• **DATA EXTRACT**:
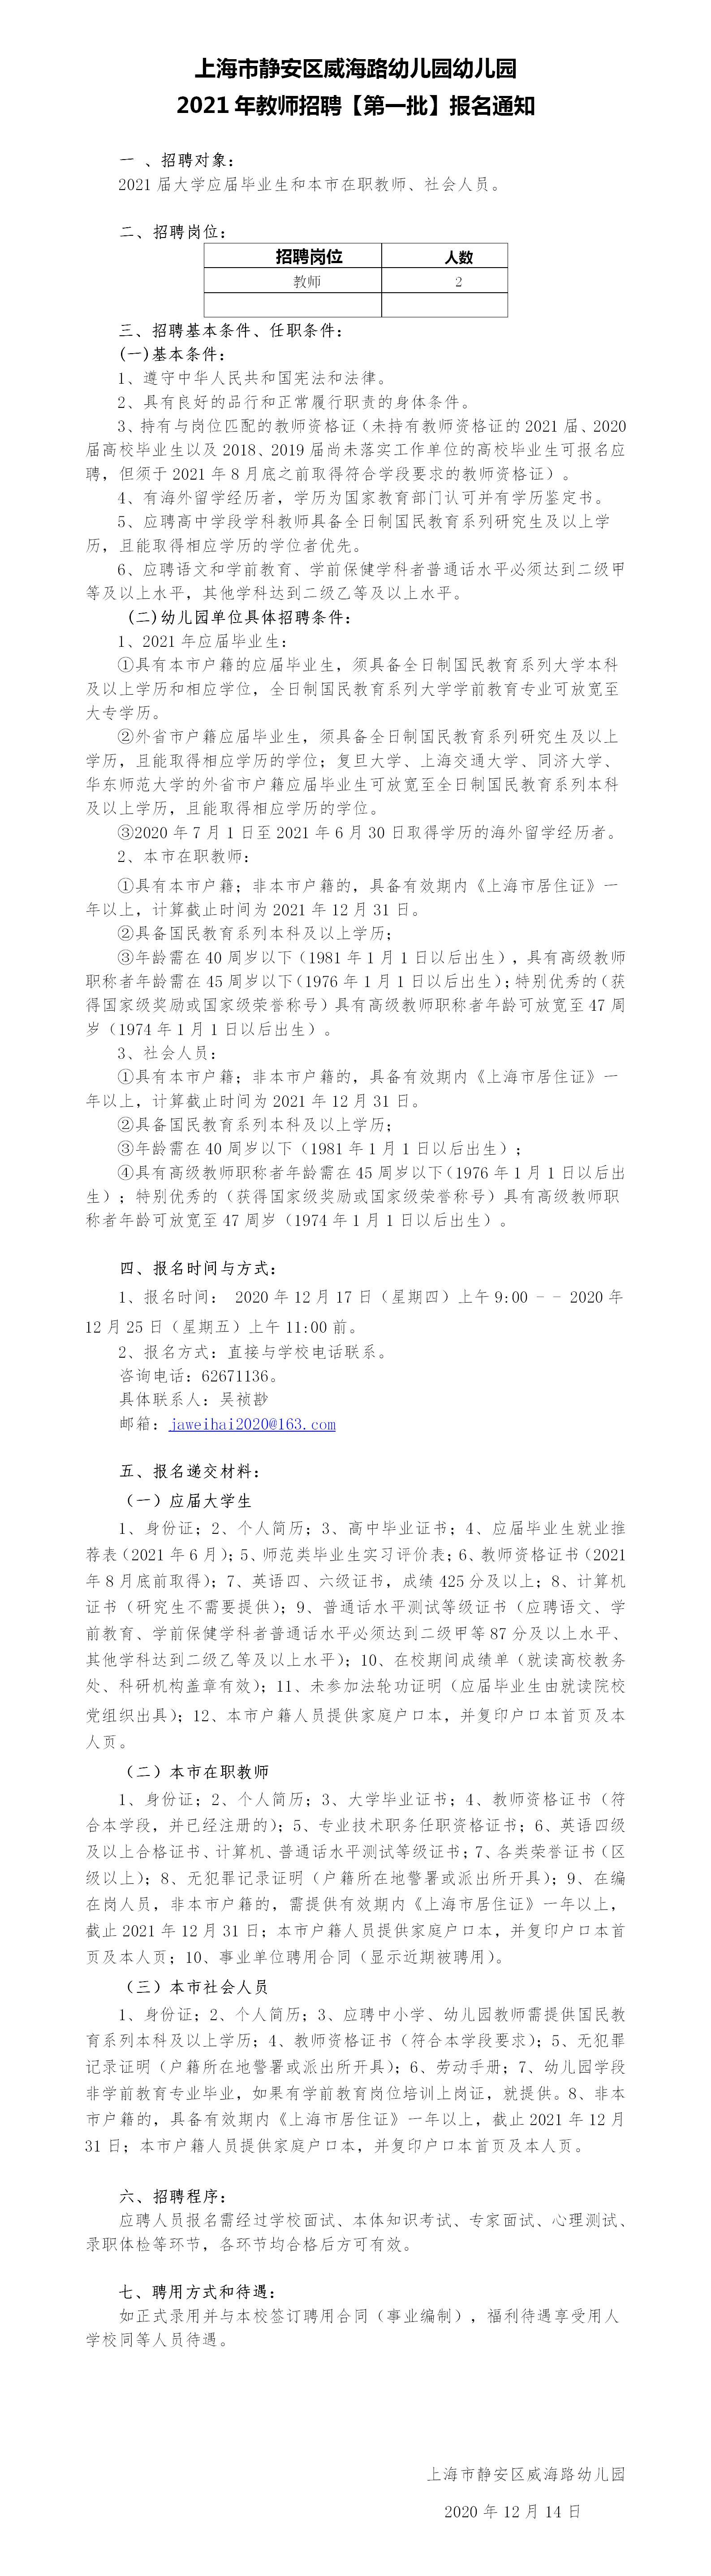 2021年上海市靜安區威海路幼兒園幼兒園教師招聘公告
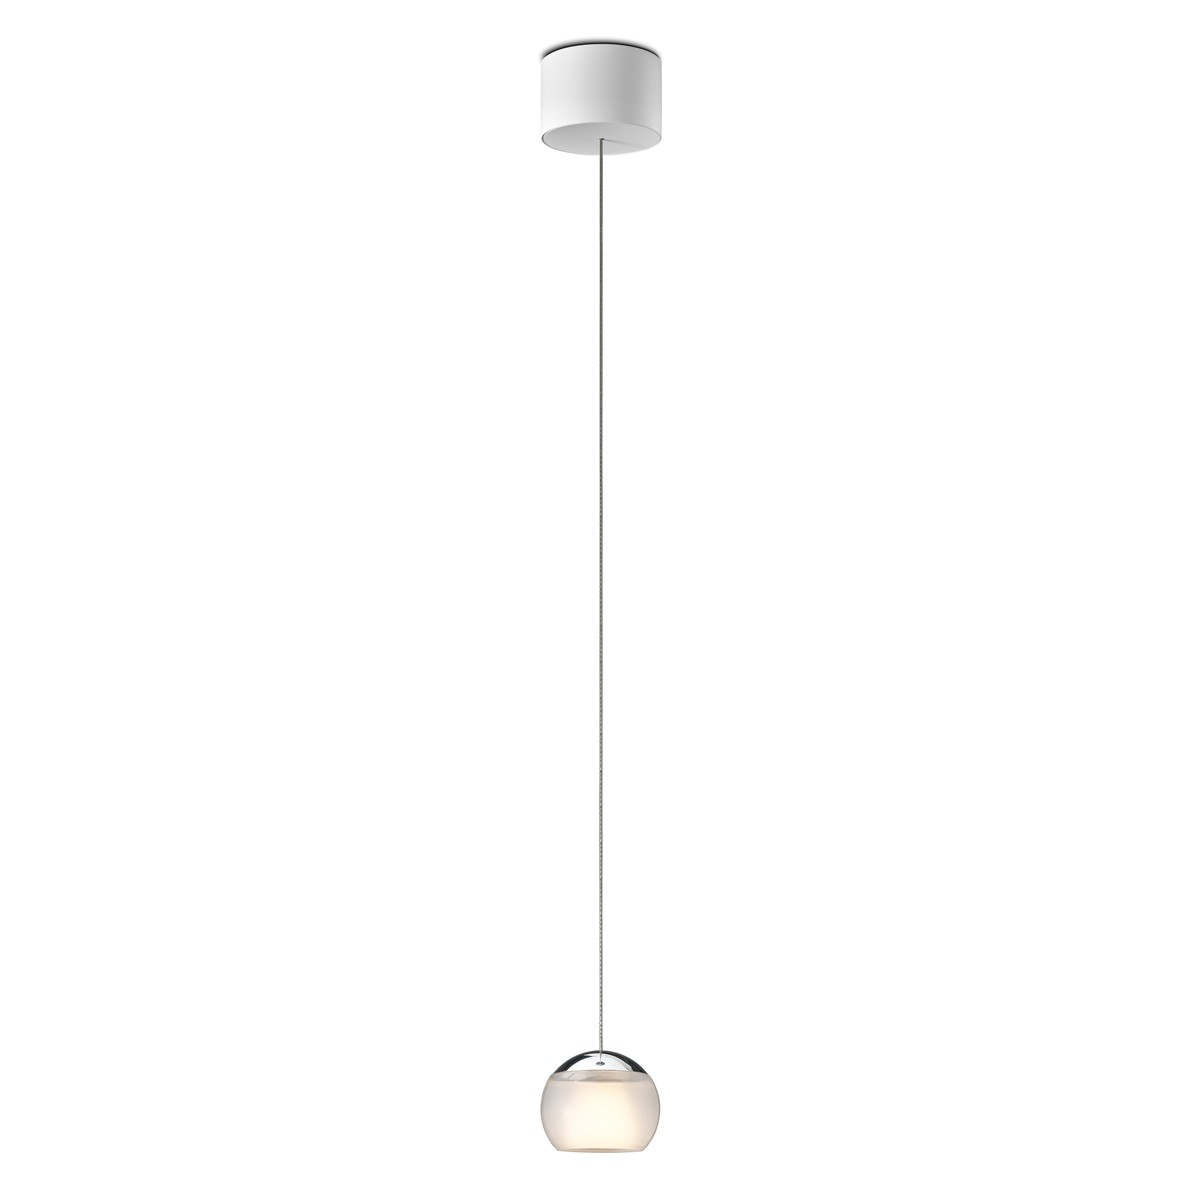 Oligo Balino LED Pendelleuchte, unsichtbare Höhenverstellung, Chrom / satiniert
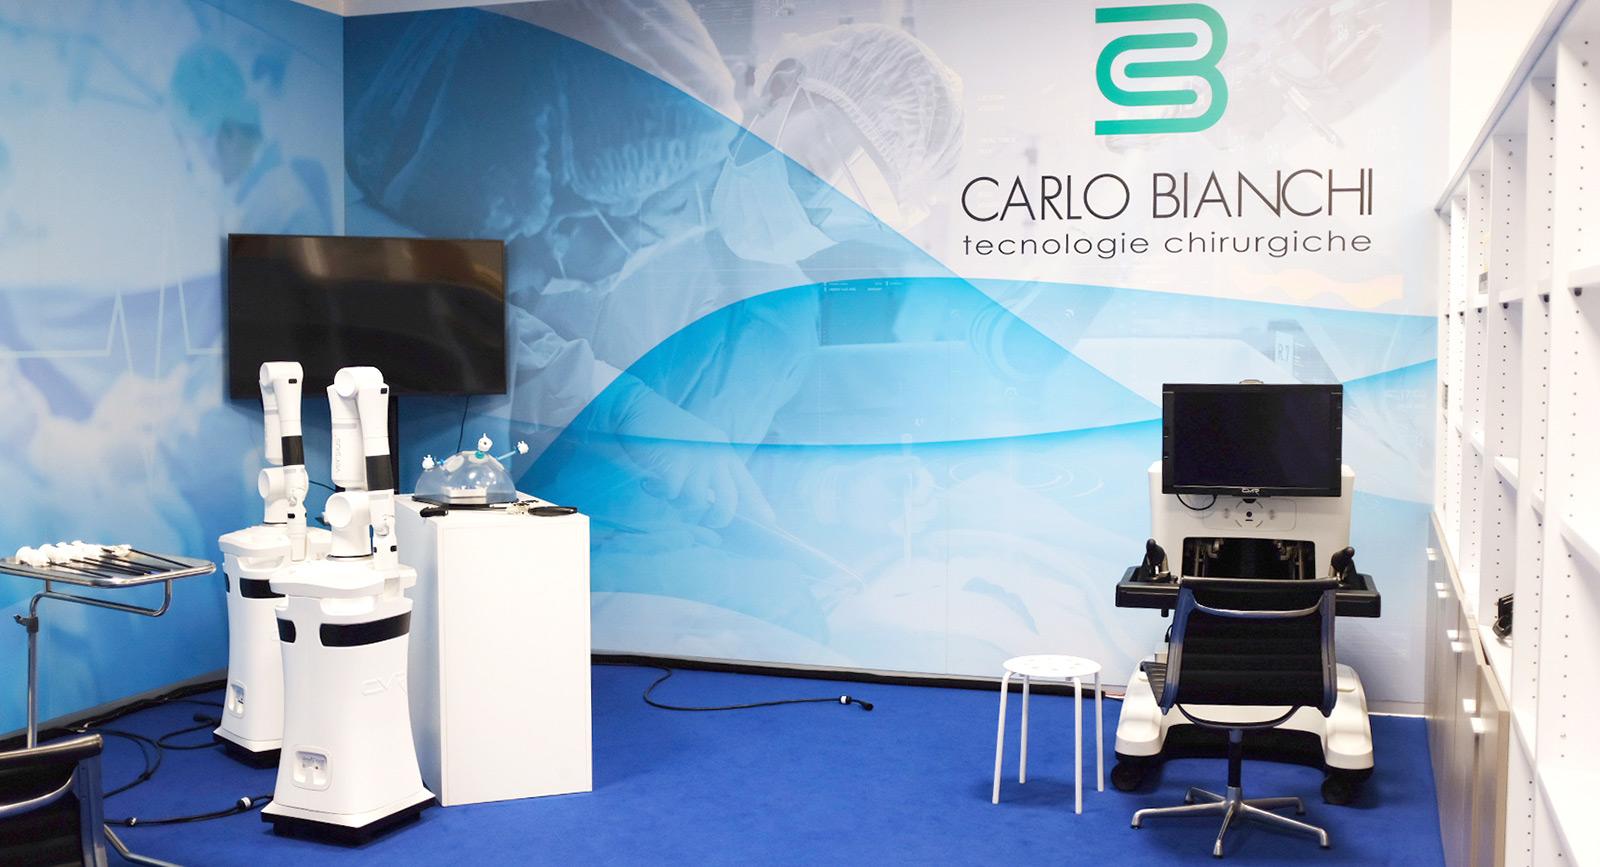 Carlo Bianchi Srl tecnologie chirurgiche
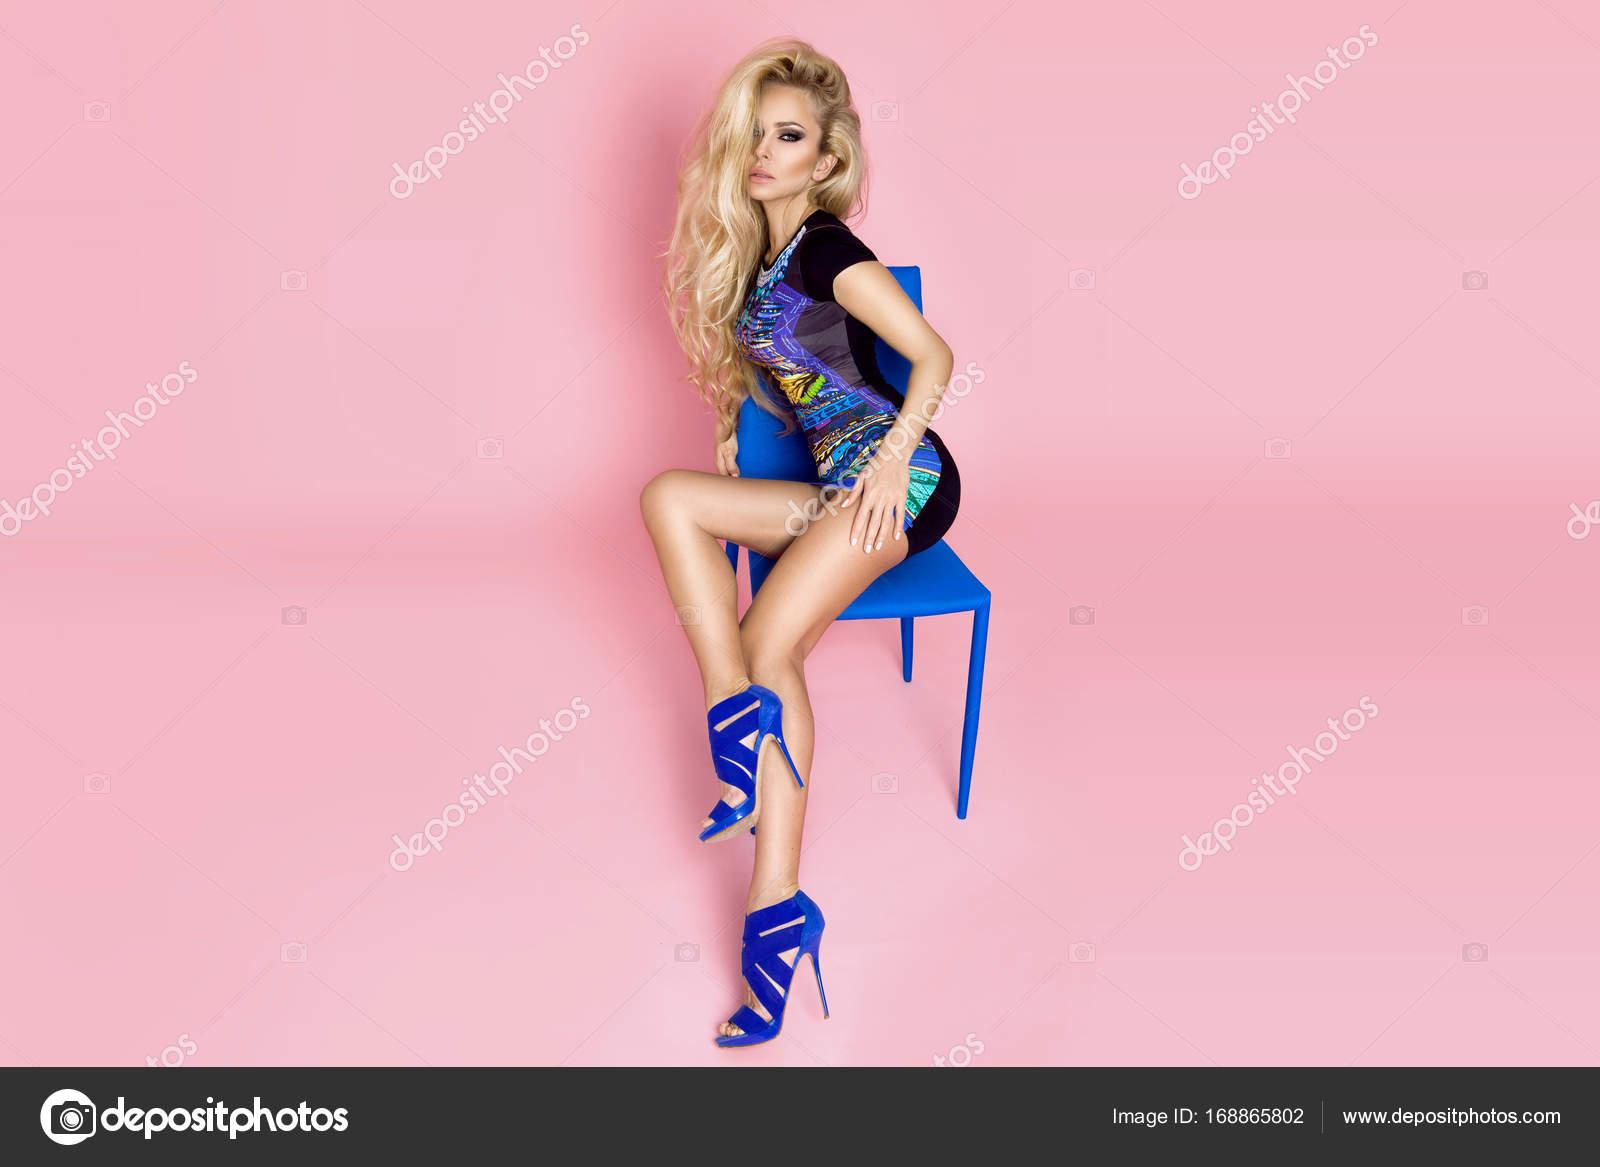 Impresionante modelo mujer hermosa vestida de primavera y verano ...

• **PROBLEM**: Set down the material above exactly. Skip any picture.

• **OUTPUT OF THE EXERCISE**:
 2021年上海市靜安區威海路幼兒園幼兒園教師招聘公告
 Oligo Balino LED Pendelleuchte, unsichtbare Höhenverstellung, Chrom / satiniert
 Carlo Bianchi Srl tecnologie chirurgiche
 Impresionante modelo mujer hermosa vestida de primavera y verano ...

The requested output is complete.